Речь идет о цикле: идеальная симметрия композиции подчеркивает эту строгую цикличность, однообразный ритм смены состояний. Повторение цикла (в четком порядке) свойственно частному бытию нарратора. Этому не противоречит и строка 10, утверждающая то, что, видимо, на самом деле не соответствует устройству мира. При этом само частное бытие нарратора дано как повторение вечной архетипической схемы. Сюжет «ухода от тревог к свободе и покою», равно как и сюжет «тайных желаний, которые возвращают к тревогам», относится к древним поэтическим топосам, подробно разработанным у Пушкина и его современников. Заметим, что именно к этим топосам восходит фабула «Евгения Онегина», взятая в ее наиболее общем виде (удаление Евгения в деревню — его путешествие и возврат в столицу). В той же связи можно упомянуть лицейские стихи Пушкина «Городок» (1815), «Послание к Галичу» (1815), «Послание к Юдину» (1815), а также его «Деревню» (1819) и особенно александрины «Чаадаеву» (1821), служащие для нашего стихотворения одним из наиболее очевидных подтекстов («Оставя шумный круг безумцев молодых, / В изгнании моем я не жалел об них» — ср. строки 1–4; «В уединении мой своенравный гений / Познал и тихий труд, и жажду размышлений. / Владею днем моим; с порядком дружен ум» — ср. строки 5–6, 31; «Ищу вознаградить в объятиях свободы / Мятежной младостью утраченные годы» — ср. строки 2–3, 10; «[…] явились музы мне / И независимым досугам улыбнулись» — ср. строки 26, 30–32 и др.). Правда, в лирике Золотого века обычно разрабатывается лишь тема «ухода»: строгое равновесие обеих тем, подчеркивание цикличности, «вечного возвращения» является — по крайней мере отчасти — инновацией Комаровского.

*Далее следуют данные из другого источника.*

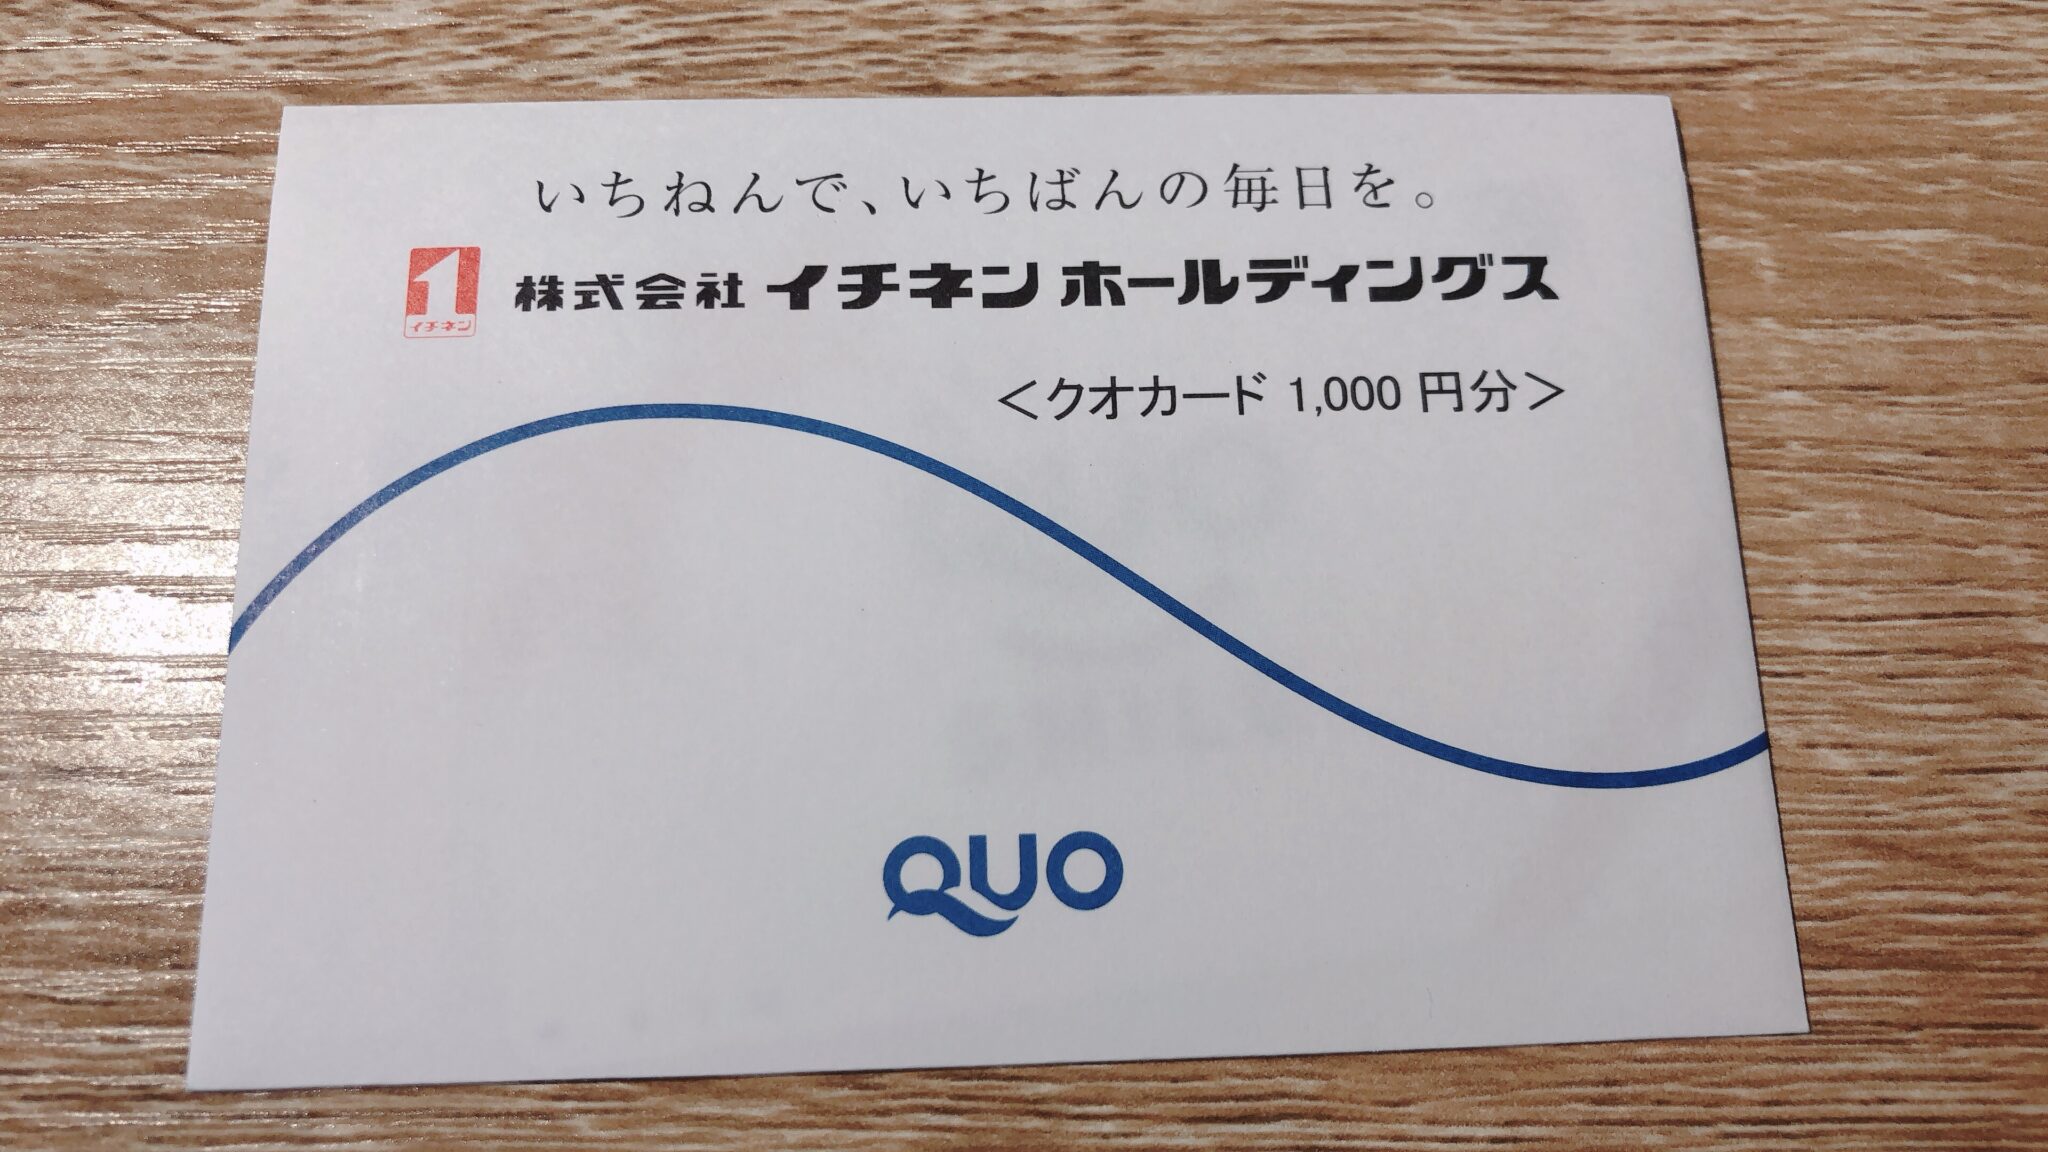 オートバックス 株主優待 20000円での+alummaq.com.br

Заметим некоторые приемы, связанные с концепцией вещи. Уже в начальной строке стихотворения, имеющей характер перформатива (Я начал, как и все…), указывается на заурядность, обычность судьбы нарратора — поэта, но и на причастность ее к вечным моделям, обладающим как бы метафизической санкцией. Крайние части текста строятся на системе оппозиций (юношеский жар — упорный труд; любовь и буйство — нелюдимость; пожар — благодать и т. п.), причем в обоих случаях речь идет об уже отброшенных состояниях. В самом центре стихотворения помещен образ Александра Первого: это весьма тонкий символический прием, ибо российский государь, мечтающий о судьбе старца Федора Кузьмича, как бы объединяет оба полюса архетипического цикла — уход от мира и присутствие в нем, хотя и в преображенном виде. Кроме того, царь Александр в определенной мере соотносится с другим Александром — «великим лицеистом»; строки, описывающие их, кстати говоря, расположены симметрично относительно центра текста (строки 14 и 19).